高效的可视化搜索对象的影片:Efficient Visual Search for Objects in Videos

关键词:Object recognitiontext retrievalviewpointscale invariance

Efficient Visual Search for Objects in Videos
Visual search using text-retrieval methods can rapidly and accurately
代写留学生论文locate objects in videos despite changes in camera viewpoint,
lighting, and partial occlusions.
By Josef Sivic and Andrew Zisserman
ABSTRACT | We describe an approach to generalize theconcept of text-based search to nontextual information. Inparticular, we elaborate on the possibilities of retrievingobjects or scenes in a movie with the ease, speed, and accuracywith which Google [9] retrieves web pages containing particularwords, by specifying the query as an image of the object orscene. In our approach, each frame of the video is represented
by a set of viewpoint invariant region descriptors. Thesedescriptorsenable recognition to proceed successfully despitechanges in viewpoint, illumination, and partial occlusion.Vector quantizing these region descriptors provides a visualanalogy of a word, which we term a Bvisual word.[ Efficientretrieval is then achieved by employing methods from statisticaltext retrieval, including inverted file systems, and text anddocument frequency weightings. The final ranking also dependson the spatial layout of the regions. Object retrievalresults are reported on the full length feature films BGroundhog
Day,[ BCharade,[ and BPretty Woman,[ including searches from
within the movie and also searches specified by external
images downloaded from the Internet. We discuss three
research directions for the presented video retrieval approach
and review some recent work addressing them: 1) building
visual vocabularies for very large-scale retrieval; 2) retrieval of
3-D objects; and 3) more thorough verification and rankingusing the spatial structure of objects.
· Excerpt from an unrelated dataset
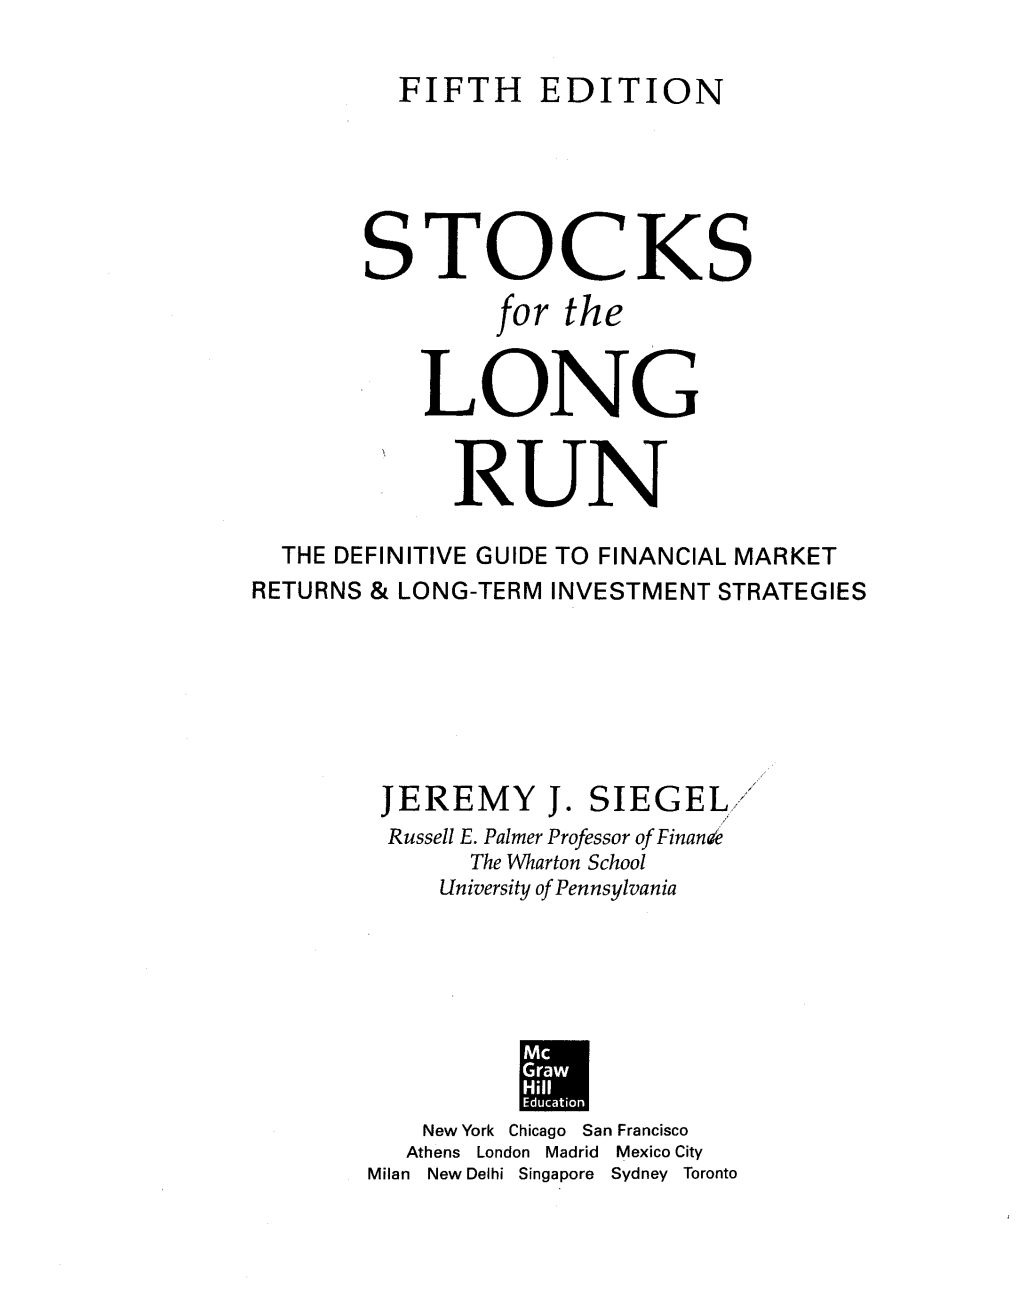 FIFTH EDITION STOCKS for the LONG RUN the DEFINITIVE GUIDE to FINANCIAL MARKET RETURNS & LONG-TERM INVESTMENT STRATEGIES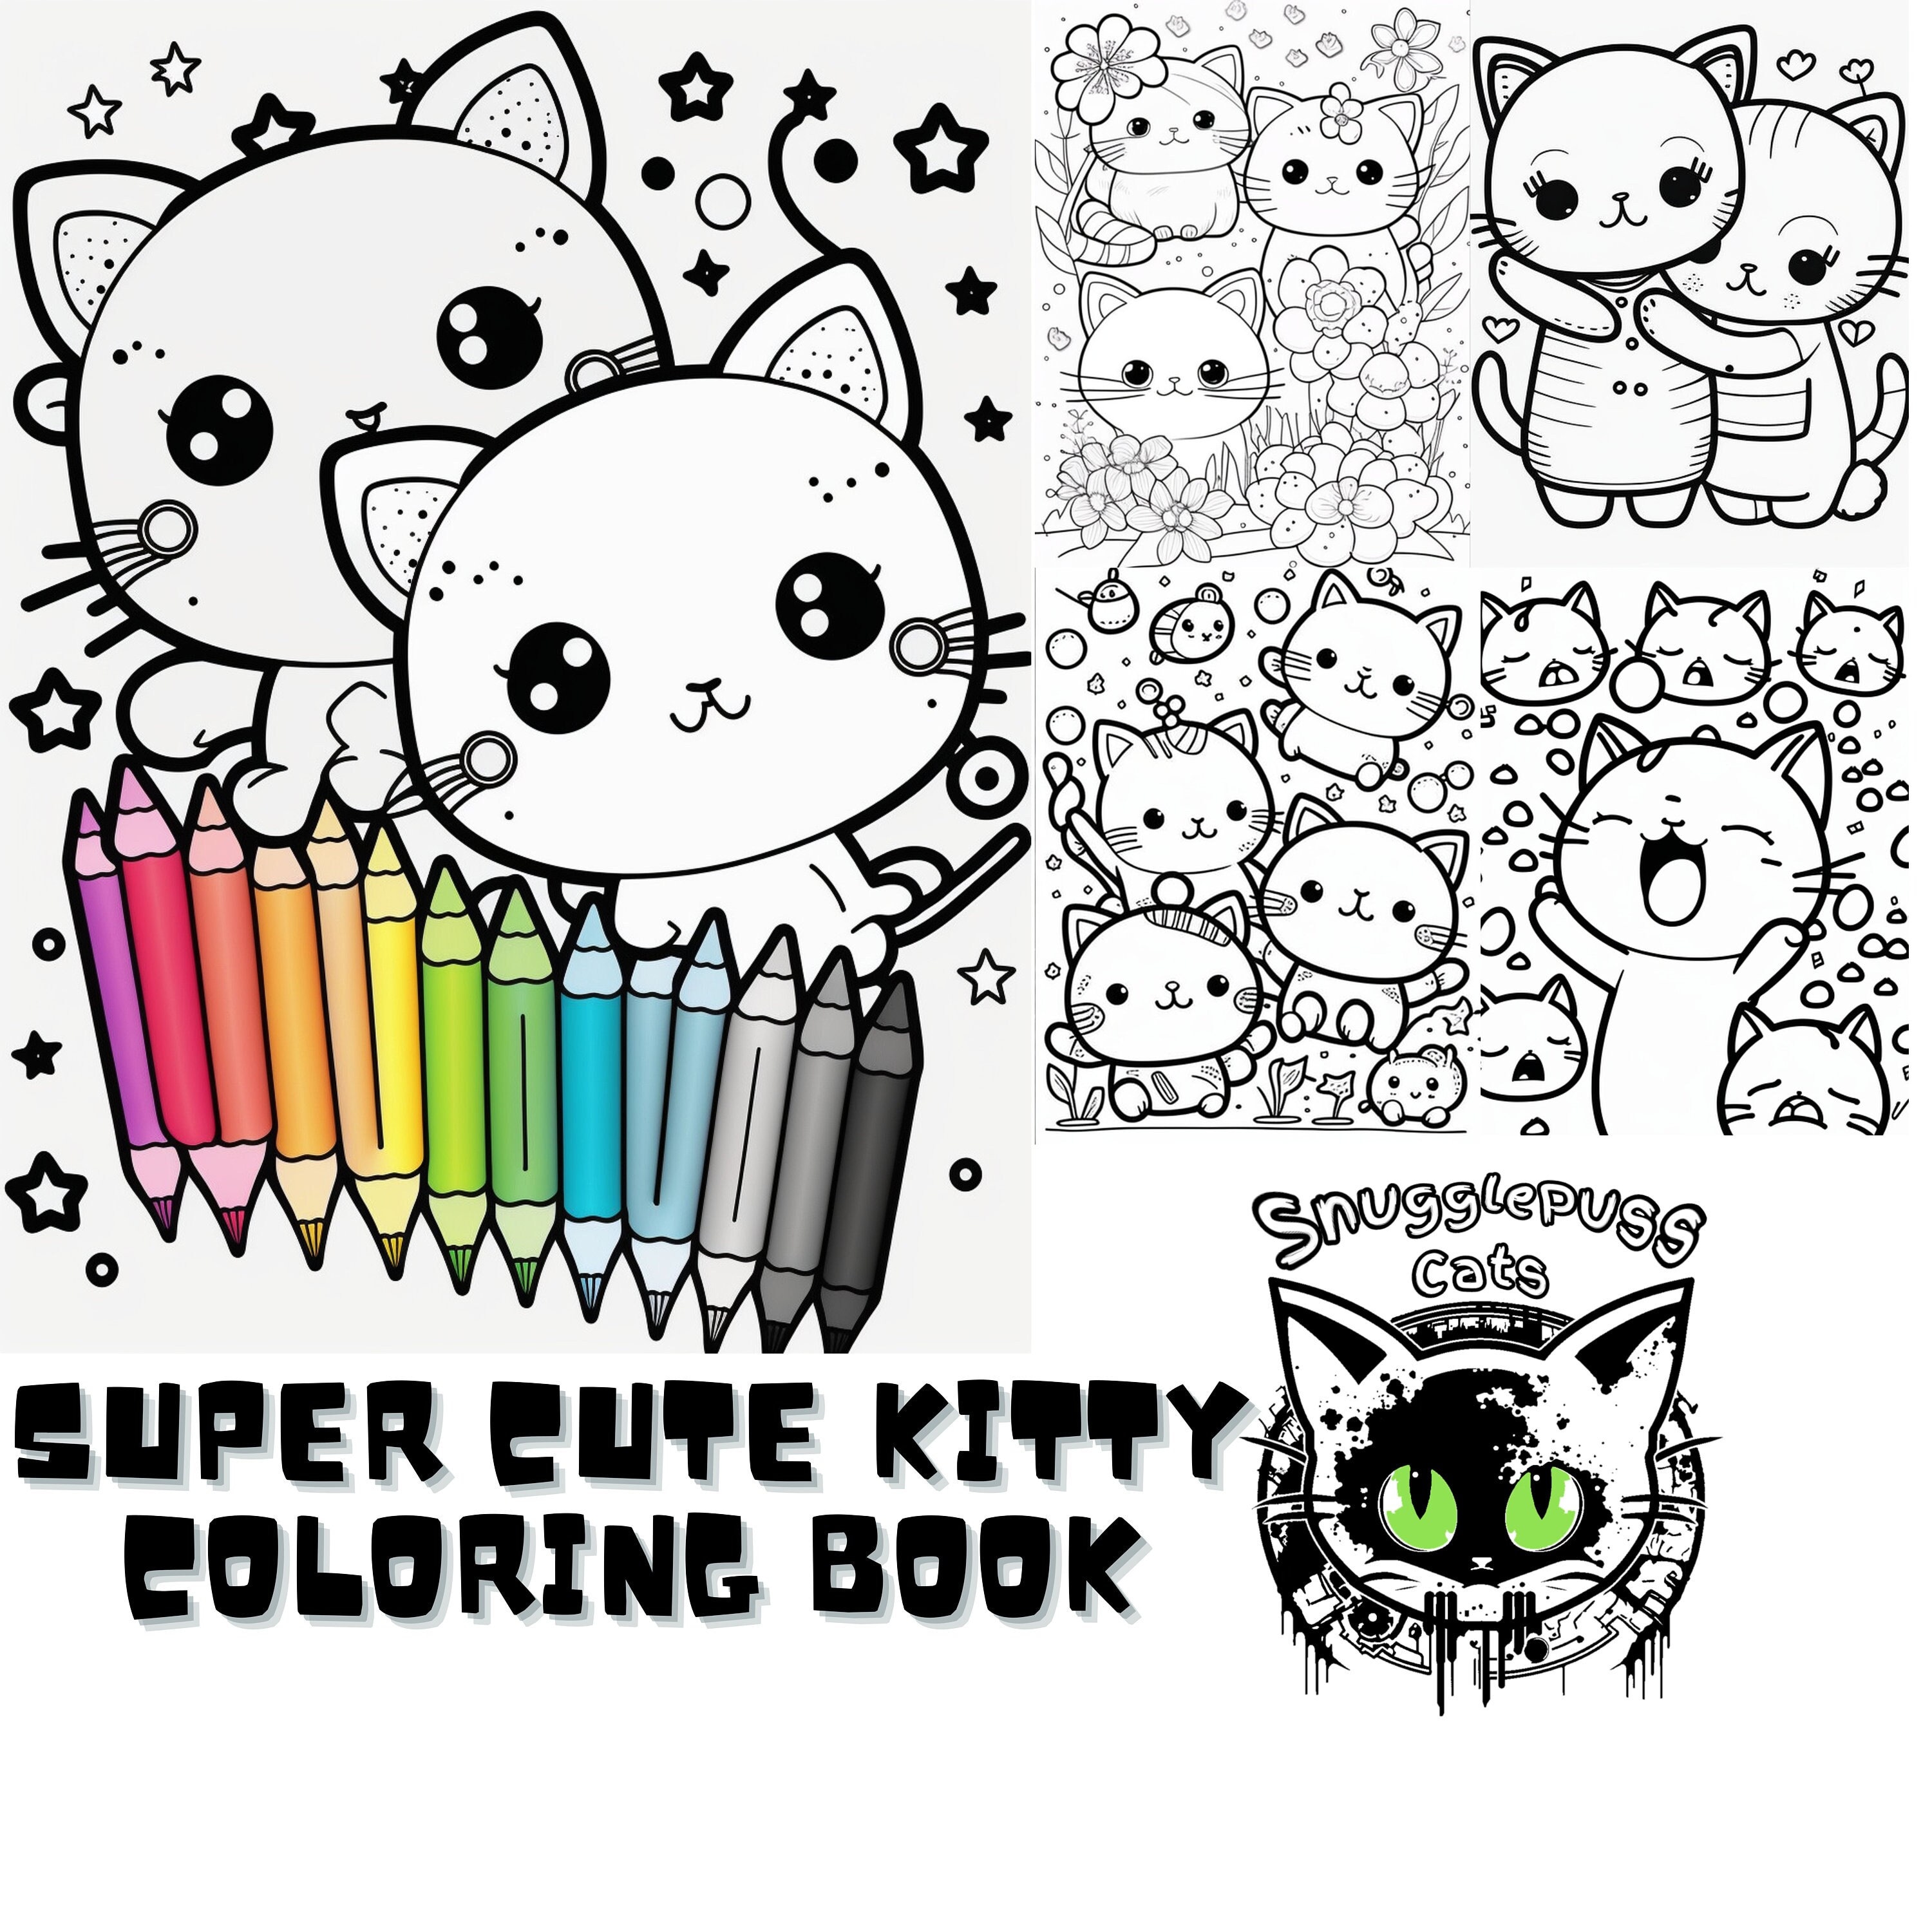 Super cute kitty coloring book snuggle kitty instant digital

KEYWORDS | Object recognition; text retrieval; viewpoint and scale invariance

The aim of this research is to retrieve those key frames andshots of a video containing a particular object with theease, speed, and accuracy with which web search enginessuch as Google [9] retrieve text documents (web pages)containing particular words. An example visual object
query and retrieved results are shown in Fig. 1. This paper
investigates whether a text retrieval approach can besuccessfullyemployed for this task.
Identifying an (identical) object in a database of imagesis a challenging problem because the object can have adifferent size and pose in the target and query images, andalso the target image may contain other objects (Bclutter[)that can partially occlude the object of interest. However,successful methods now exist which can match an object’svisual appearance despite differences in viewpoint, lighting,
and partial occlusion [22]–[24], [27], [32], [38], [39],
[41], [49], [50]. Typically, an object is represented by a set
of overlapping regions each represented by a vector
computed from the region’s appearance. The region
extraction and descriptors are built with a controlled
degree of invariance to viewpoint and illumination
conditions. Similar descriptors are computed for all images
in the database. Recognition of a particular object proceeds
by nearest neighbor matching of the descriptor vectors,
followed by disambiguating or voting using the spatial
consistency of the matched regions, for example by
computing an affine transformation between the query
and target image [19], [22]. The resul论文英语论文网提供整理,提供论文代写英语论文代写代写论文代写英语论文代写留学生论文代写英文论文留学生论文代写相关核心关键词搜索。